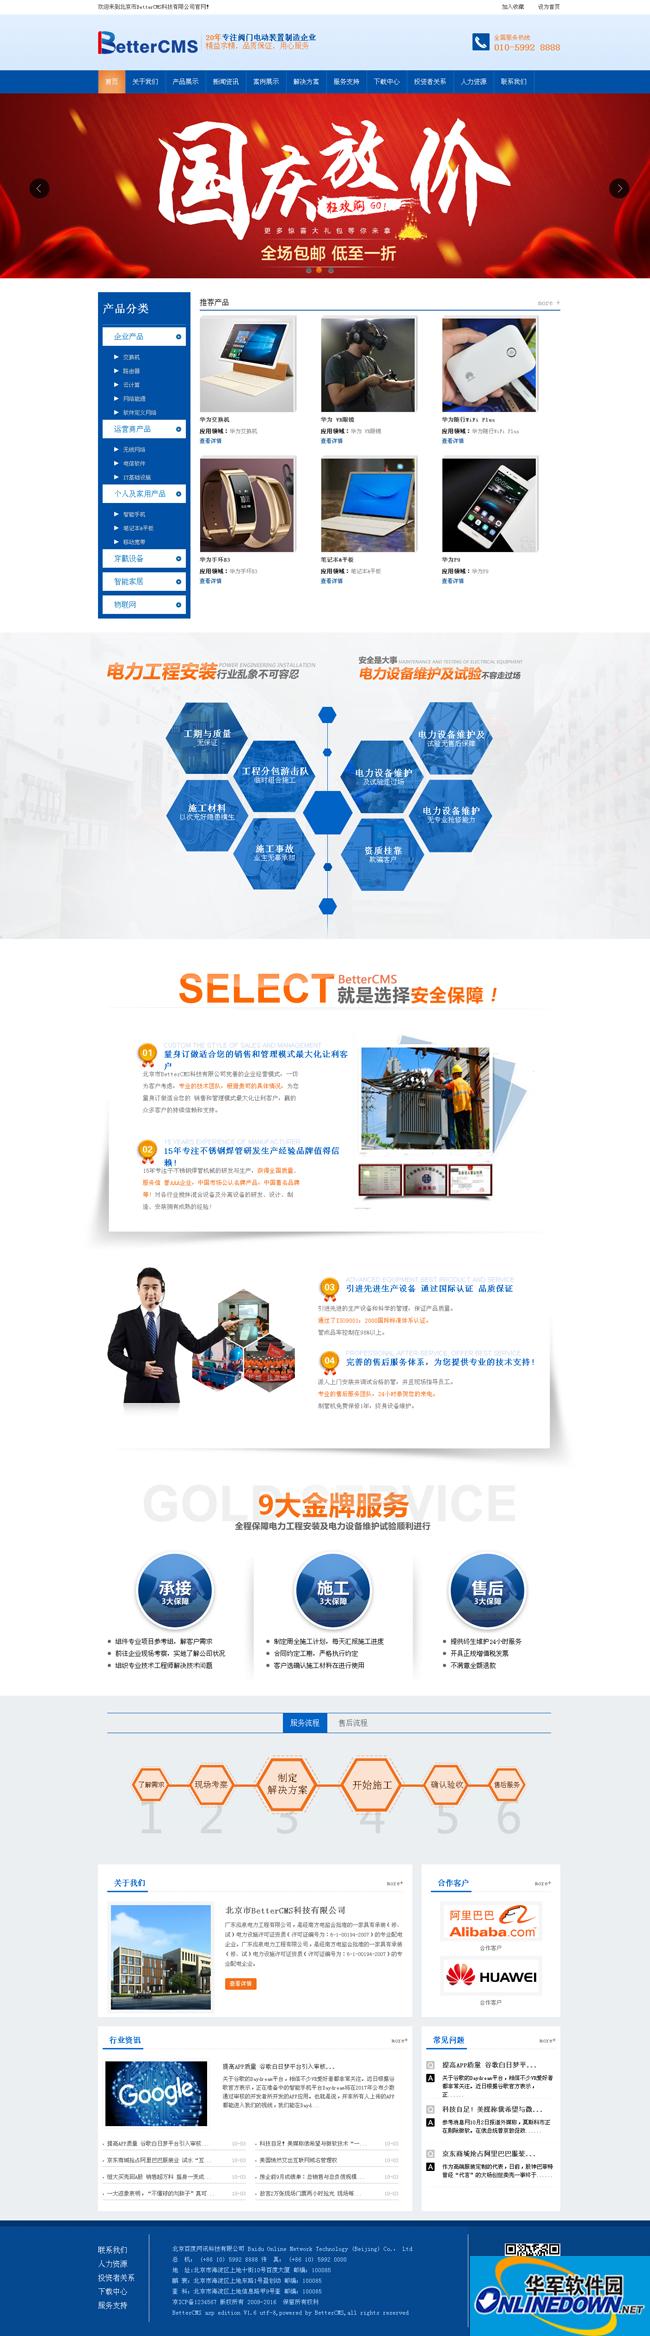 BetterCMS企业网站源码 1.6
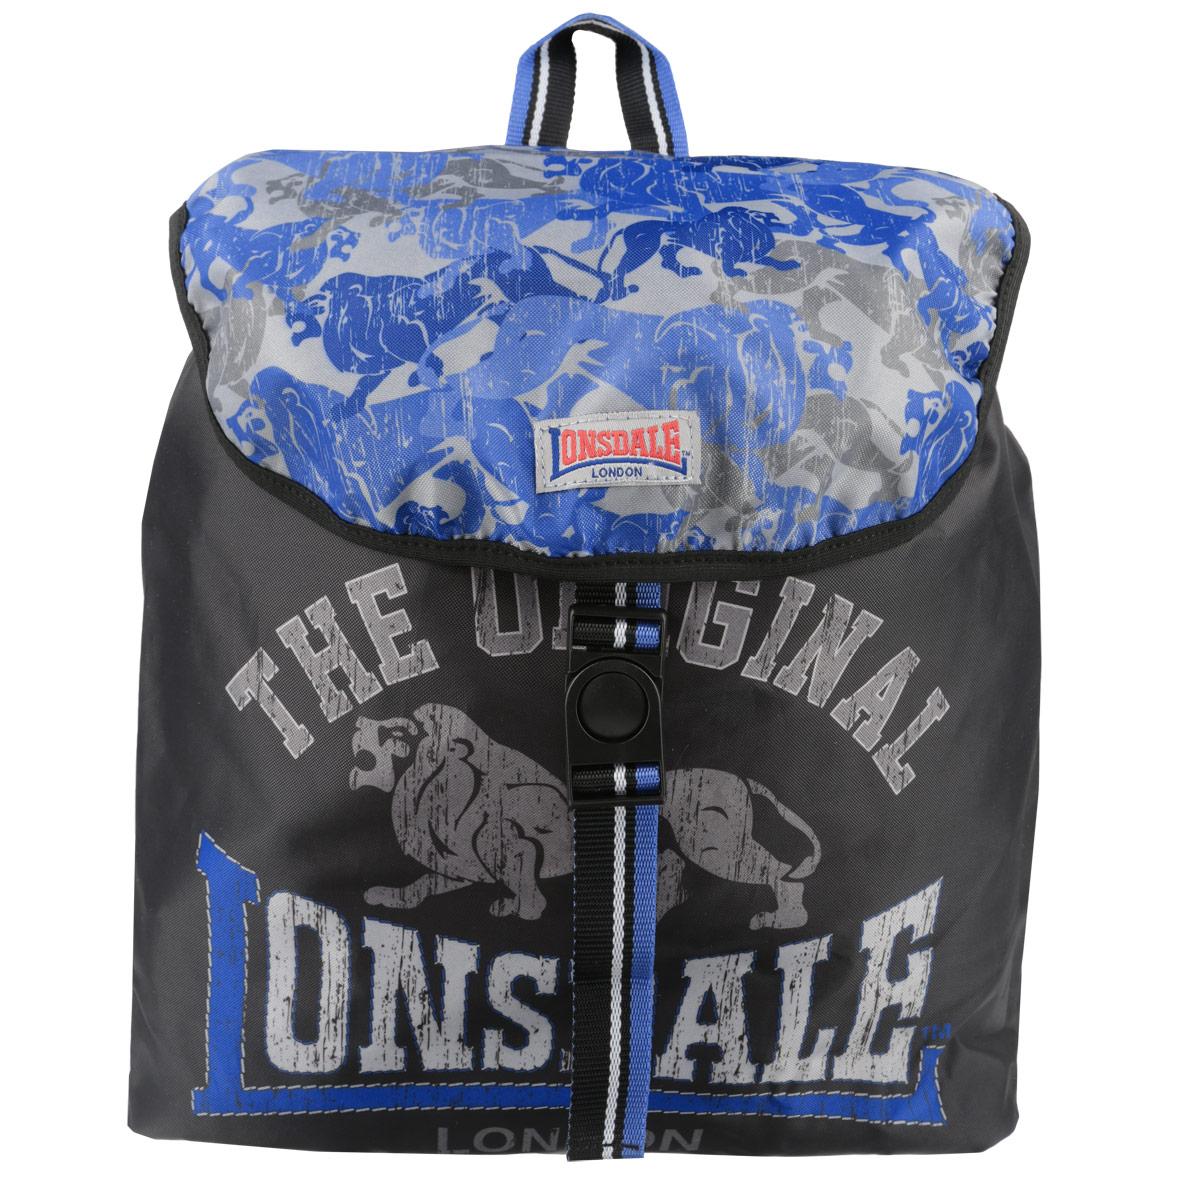 Рюкзак молодежный Lonsdale, цвет: черный, серый, голубой. LSCB-UT1-844LSCB-UT1-844Молодежный рюкзак Lonsdale сочетает в себе современный дизайн и долговечность. Выполнен из прочных и высококачественных материалов с изображением льва.Содержит рюкзак одно вместительное отделение, которое затягивается шнурком с пластиковым фиксатором и сверху закрывается клапаном на защелке. Широкие лямки отлично регулируются по длине. Изделие оснащено текстильной ручкой для переноски в руке. Этот рюкзак можно использовать для повседневных прогулок, отдыха и спорта, а также как элемент вашего имиджа.Рекомендуемый возраст: от 15 лет.
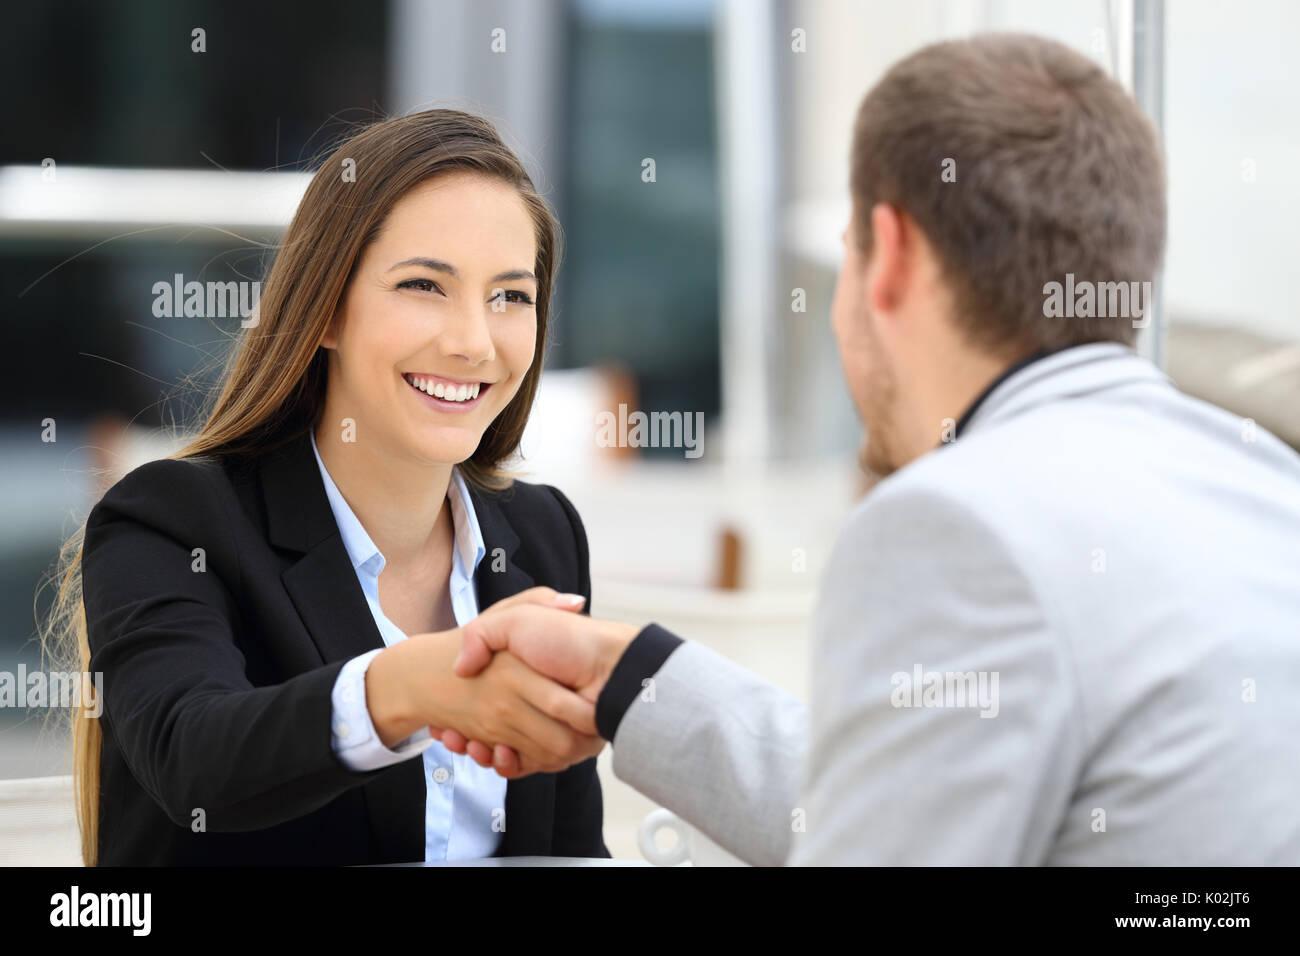 Zwei Führungskräfte treffen und Handshaking in einem Café sitzen Stockbild
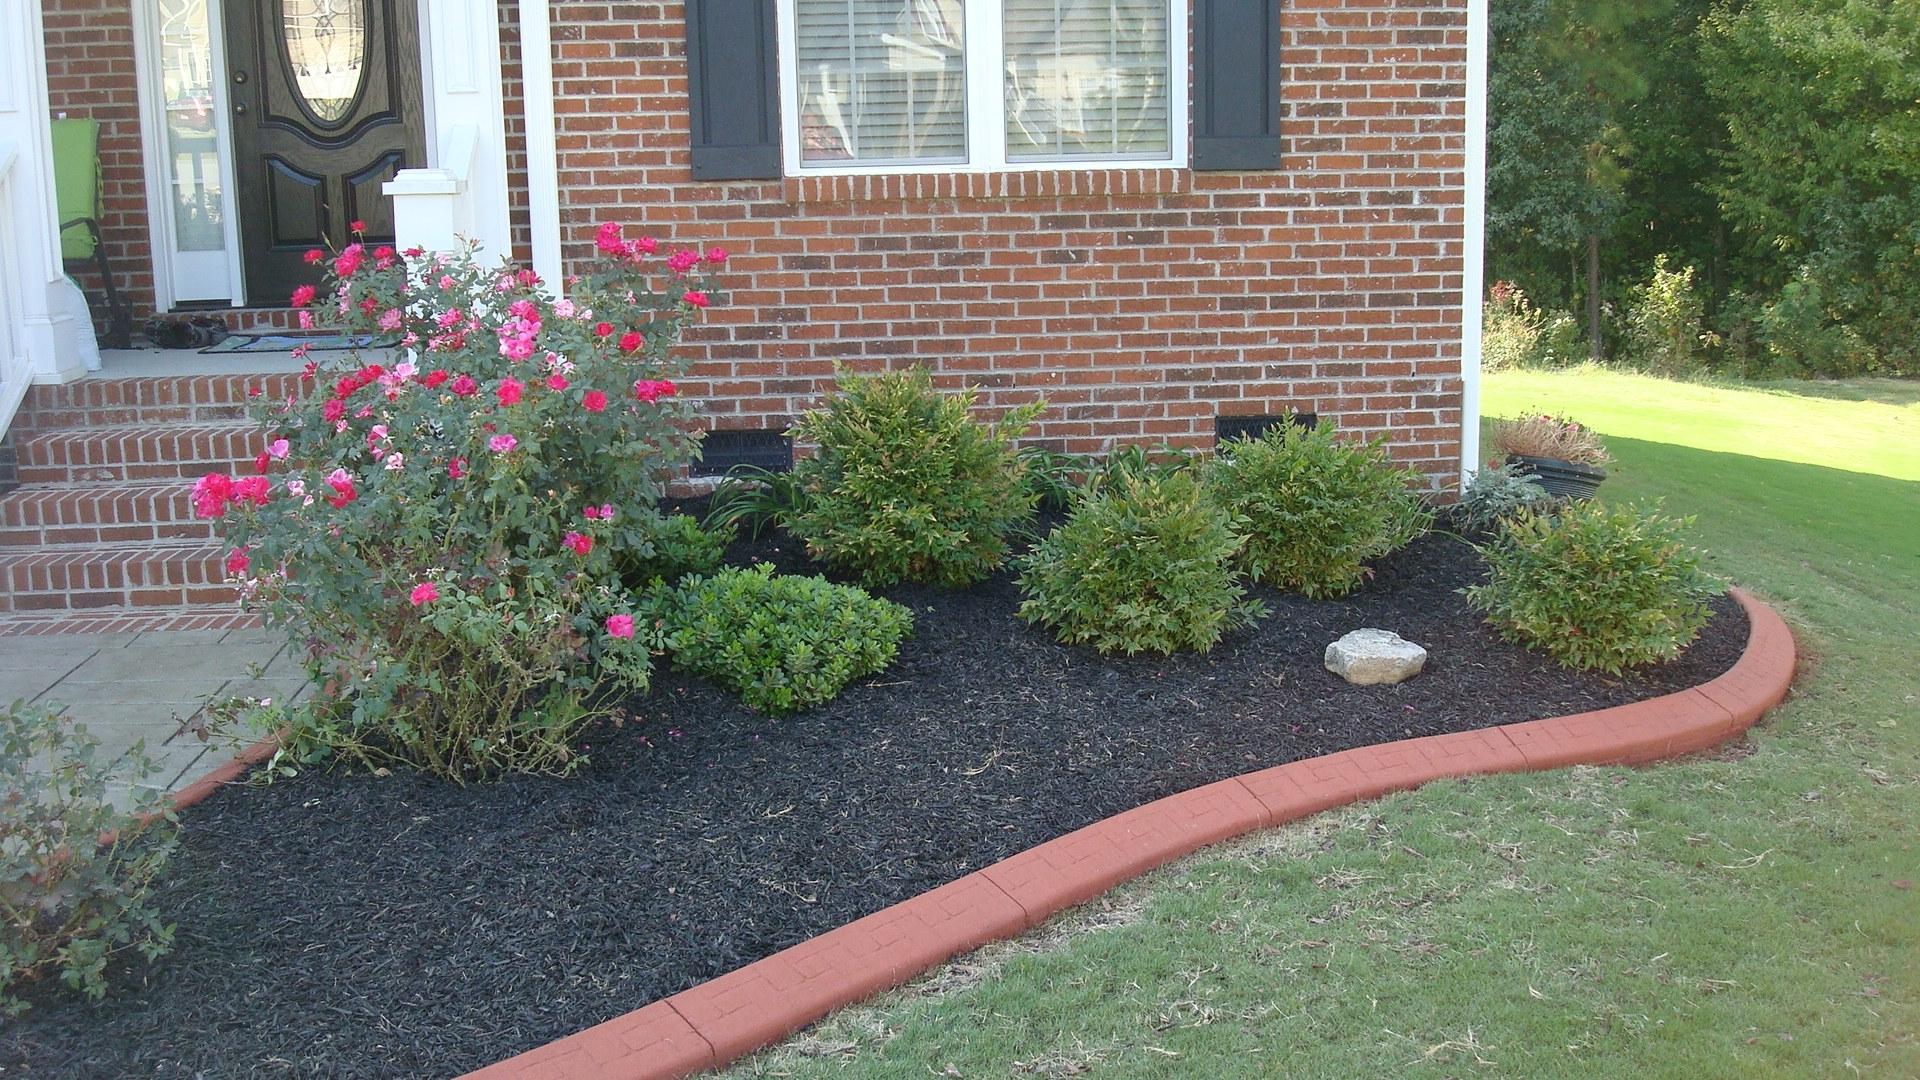 garden edging design ideas photo - 8
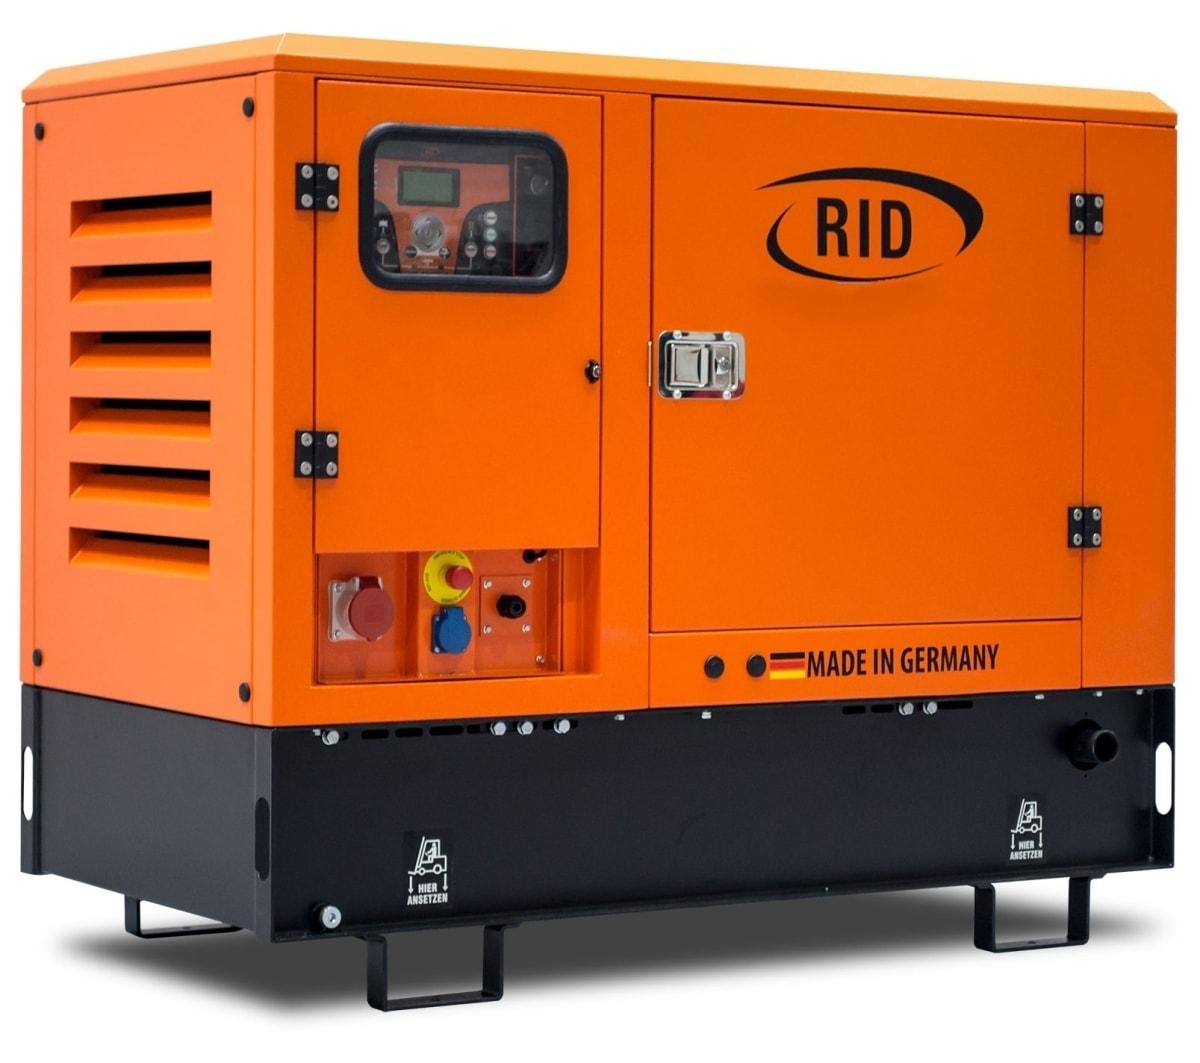 дизельная электростанция rid 15 s-series s
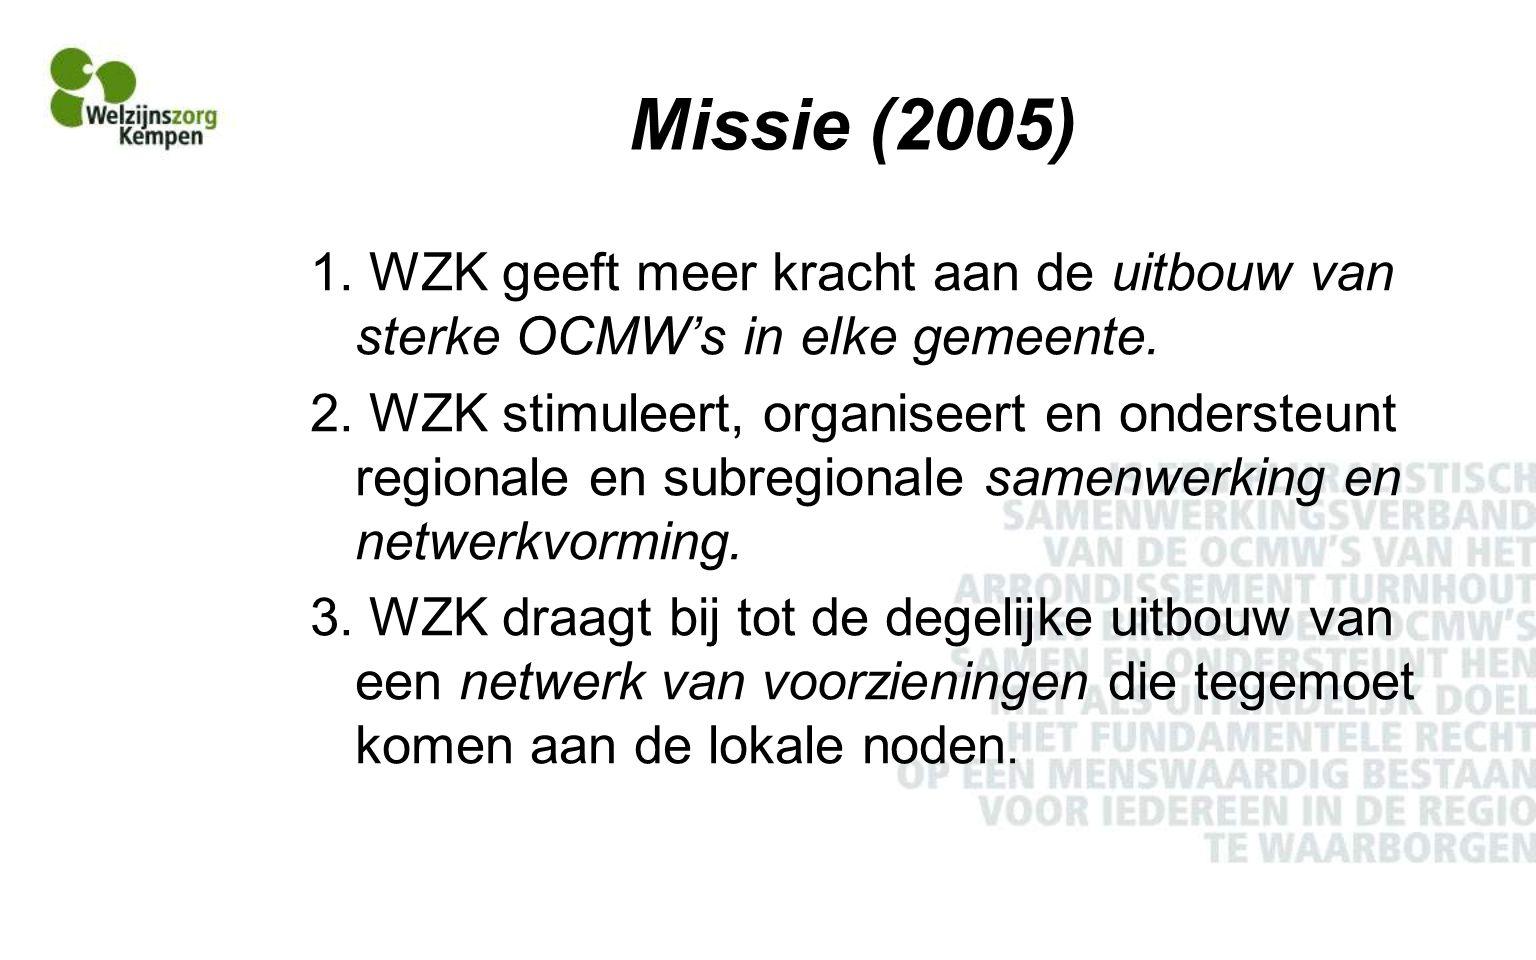 Missie (2005) 1. WZK geeft meer kracht aan de uitbouw van sterke OCMW's in elke gemeente.

+--

Task goal - Quote exactly, and only, the lines from the line containing "garden edging design ideas photo - 8" through the final line of the records above, both included, omitting any pictures.

Task result -
 garden edging design ideas photo - 8
 дизельная электростанция rid 15 s-series s
 Missie (2005) 1. WZK geeft meer kracht aan de uitbouw van sterke OCMW's in elke gemeente.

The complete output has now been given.